Una lama lanciata dal basso in alto in quel modo, premuta col peso intero del corpo, ha una
penetrazione terribile; capace di sventrare la vittima dall’ombelico fino in cima allo sterno!
Calmo, ma rapidissimo, faccio partire quattro pallottole... Ho ripetuto il tiro contro il terzo che non
si decideva a cadere... Anche lui si affloscia garbatamente sul ponte.

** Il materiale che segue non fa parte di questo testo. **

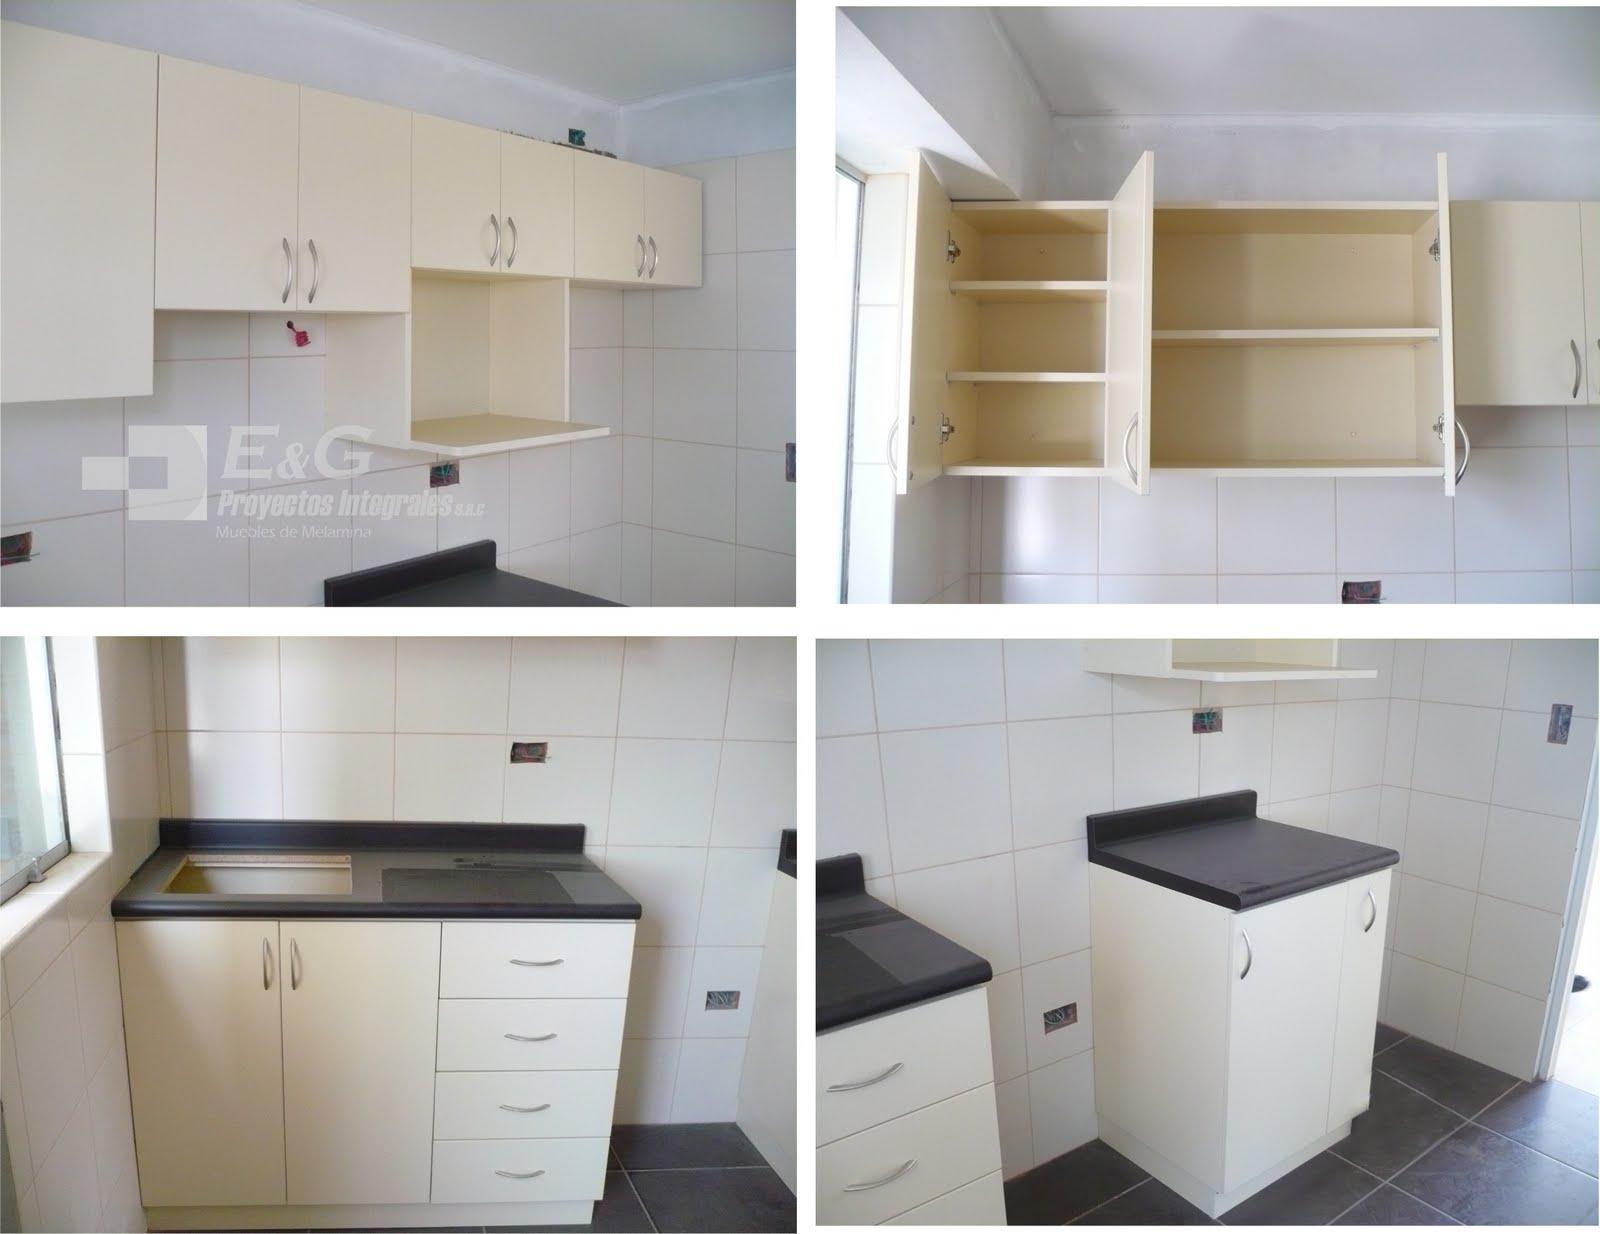 E Y G Proyectos Integrales Muebles En Melamina Aluminio

Il secondo del «Magellano» crolla contemporaneamente! Mio Dio! una delle mie pallottole... Ma
no, si è tuffato per afferrare il mitra del terzo. E, bocconi dietro quest’ultimo, eccolo aprire il fuoco
su qualcosa che io non vedo, a sinistra!
A destra arrivano a tutta velocità i due che tenevano a bada il capitano e il pilota. Scendono
precipitosamente la scala del cassero per prendere alle spalle il secondo. Quei due sono miei. Dato
che brandiscono solo delle specie di sciabole o di enormi coltelli, miro alle cosce. Essi ruzzolano
gemendo, l’uno sull’altro, in fondo alla scala.

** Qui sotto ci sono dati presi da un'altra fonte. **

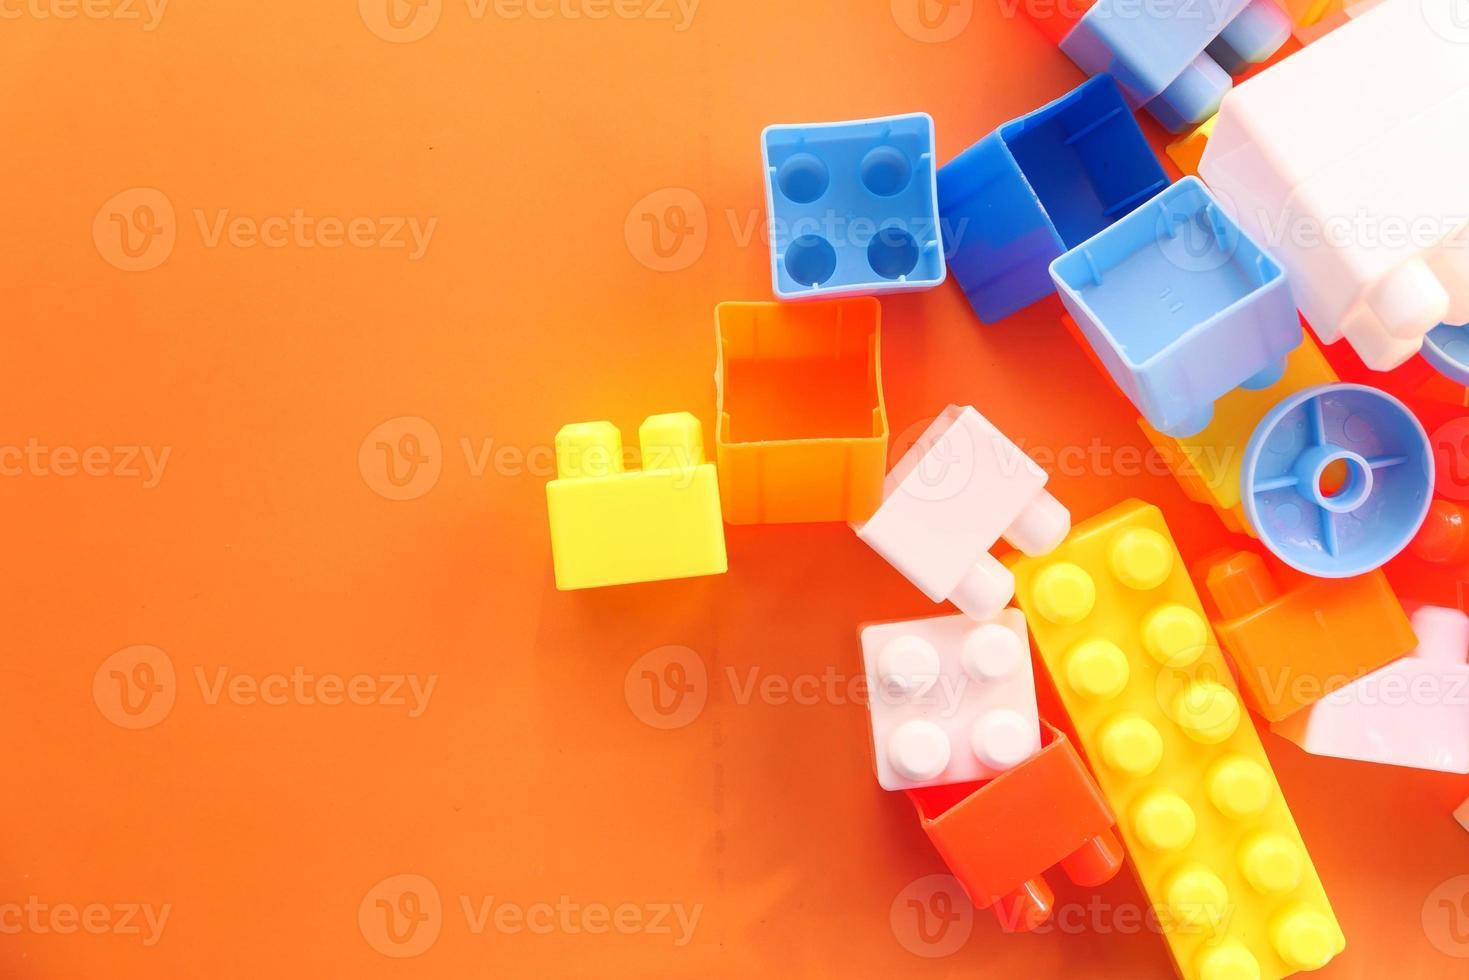 kleurrijke bouwstenen op oranje tafel, close-up foto

Poi cerco immediatamente un riparo. È poco igienico rimanere bocconi sul ponte scoperto, con una
sdraio di tela per scudo!
Ma vedo il secondo correre a testa bassa verso poppa. Nessuno spara su di lui, il fuoco è
cessato... Preferisco raggiungere il cassero, salire la scala in tre balzi, il collo rientrato nelle spalle,
una fifa tremenda di una pallottola nella schiena! Approdo a ventre in giù con un sollievo
inesprimibile...
Per trovarmi a naso a naso col capitano. Lui e il timoniere sono accovacciati dietro il parapetto di
lamiera che circonda il cassero.
– Siete ferito, signore?
– No.
– Allora prendete il timone, se non vi dispiace. Governate dritto, e grazie! Io vado ad aiutare il
secondo!
Si raddrizza e, senza aspettare la mia risposta, imbocca di volata la scala, seguito dal suo
marinaio. Più «gonfiato» di quanto pensassi, quell’omone! Vado al timone. «Governare dritto»!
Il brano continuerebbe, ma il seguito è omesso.